The court below did not err in treating the litigation in which the parties to the suit of N. J. Moore v. Allen Norris, and in which the parties to this also participated as parties during its pendency, as interposing no impediment or bar to the running of the statute of limitations in favor of the defendant Pearson against the plaintiff in this action. The suit was brought by Moore against Morris, and was dismissed by Moore; or, rather, what was equivalent thereto, dismissed by order of the court for want of the required bond for the costs of suit. During its pendency the land in controversy in it was sold as the property of Flanagan, and Pearson, the purchaser, became a party by intervening in it as such, and caused Flanagan to be made also a party defendant. It was held in Shields v. Boone, 22 Tex., 196, that the bringing of a suit for land which is voluntarily abandoned or dismissed for want of prosecution will not interrupt the running of the statute of limitations. And see Hughes v. Lane, 25 Tex., 356; Highsmith v. Ussery, 25 Tex. Sup., 96; Connoly v. Hammond, 58 Tex., 20.

Under the authority of these cases, Moore, the original plaintiff in the suit referred to, could not have made the former pendency of his suit available in a second action for the land, so as to operate as a bar to the running of the statute of limitations in favor of the defendant Morris during the period of its pendency; and the intervention of Pearson in the suit, and making Flanagan a defendant *304at the intervener’s instance, do not vary the application of the principle as to such additional parties. The suit having been dismissed for failure, in effect, to prosecute it, no consequence attached to that controversy which could affect the rights of the parties to it who claimed the benefit of the statute of limitations. That Flanagan, who was brought in as a defendant by Pearson, an intervenor, cannot occupy a position more favorable than that of the original parties to the suit, is a self-evident proposition. lie, however, is not seeking to avail himself of the benefit of the running of the statute of limitations in his own favor during the pendency of that suit, but urges that Pearson, whose attitude towards him in it was that of an actor or plaintiff, cannot in this action make his' possession available under his defense of the statute of limitations. Clearly, the rights of Pearson, he being in possession and holding adversely to Flanagan, and whom he had caused to be brought into the litigation as a defendant, were not affected in respect to claiming, in a subsequent suit brought against him by Flanagan, the benefit of his adverse possession under the statutes of limitation.

It is claimed by the appellant that Pearson, being a purchaser pendente lite from Horn's, the defendant in the suit of Moore against Horn's, he cannot have the benefit of the statute of limitations for possession of the land during the period of time intervening between the date of his purchase and that of the final disposition of the suit.
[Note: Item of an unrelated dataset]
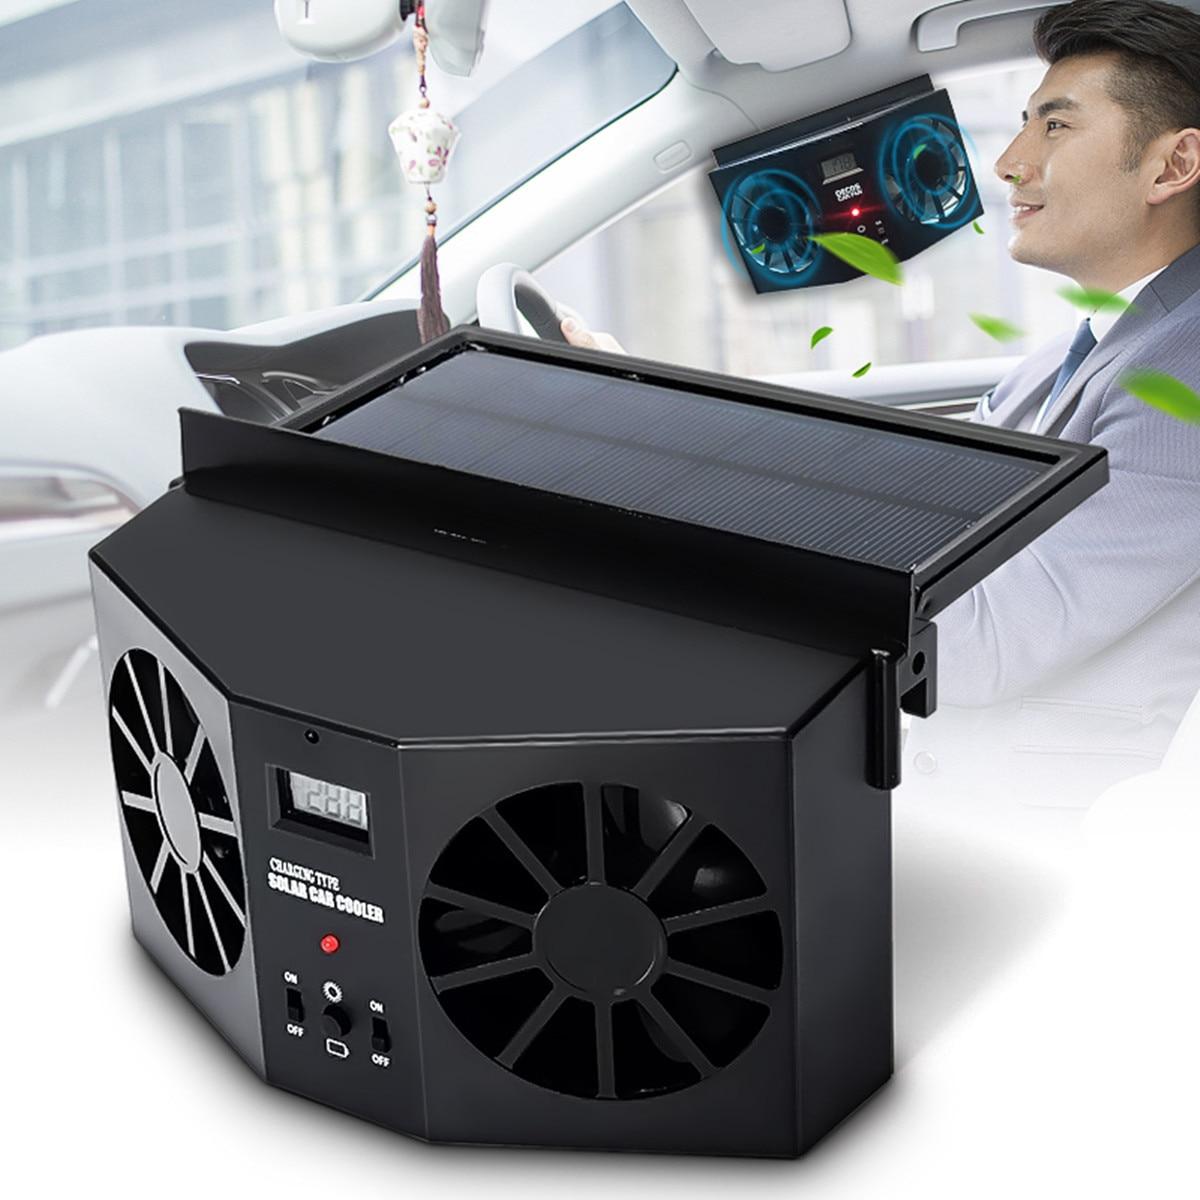 Car Solar Power Fan Car Exhaust Fan Double Air Outlet Car Window Cooling Cooler Rechargeable Ventilation Black

The case of Tilton v. Cofield, 93 U. S., 168, cited in the brief of appellant’s counsel, maintains the well-settled and unquestionable doctrine that a purchaser of property pendente lite is as conclusively bound by the results of the litigation as if he had from the outset been a party thereto. This doctrine, however, has no application, we think, to the question under consideration. Ho results were attained in the suit referred to, decisive of any issue between the parties; and, as has been seen, for that reason, the litigation between the parties afforded no impediment to the running of the statute.

It is assigned as error that the court erred in instructing the jury that, if Ames went into possession of the land as the tenant of Pearson, he continued to be his tenant all the time he remained on the land, even though, after getting possession of it through Pearson or his agent, Bagley, he subsequently treated the plaintiff as his landlord. This instruction, as stated, was given by the court, adding as follows: “In other words, he could not get possession through Pearson, and by attorning to another destroy the possession of Pearson.”

There was no error in the above instruction to the jury. The *305doctrine stated in it is distinctly recognized as law in Gillespie v. Jones, 26 Tex., 347; citing Pleak v. Chambers, 5 Dana, 60. A mere disclaimer of the landlord’s title and attorning to another does not operate as a disseizin of the landlord, unless he elects so to consider it, as he may do. 4 Wait’s Act. & Def., 260; citing Blue v. Sayre, 2 Dana (Ky.), 213. An adverse possession, continued for the time limited by statute, becomes a title; but before a tenant can begin to acquire any prescriptive right, he must repudiate his ten.ancy and give his landlord notice thereof. Stacy v. Bostwick, 48 Vt., 192 (4 Wait’s Act. & Def., 260). Even after he has acquired a hostile title he cannot, as a general rule, set it up against his landlord until he has first restored him to possession. 4 Wait’s Act. & Def., 261; Newton v. Roe, 33 Ga., 163; Lowe v. Emerson, 48 Ill., 160.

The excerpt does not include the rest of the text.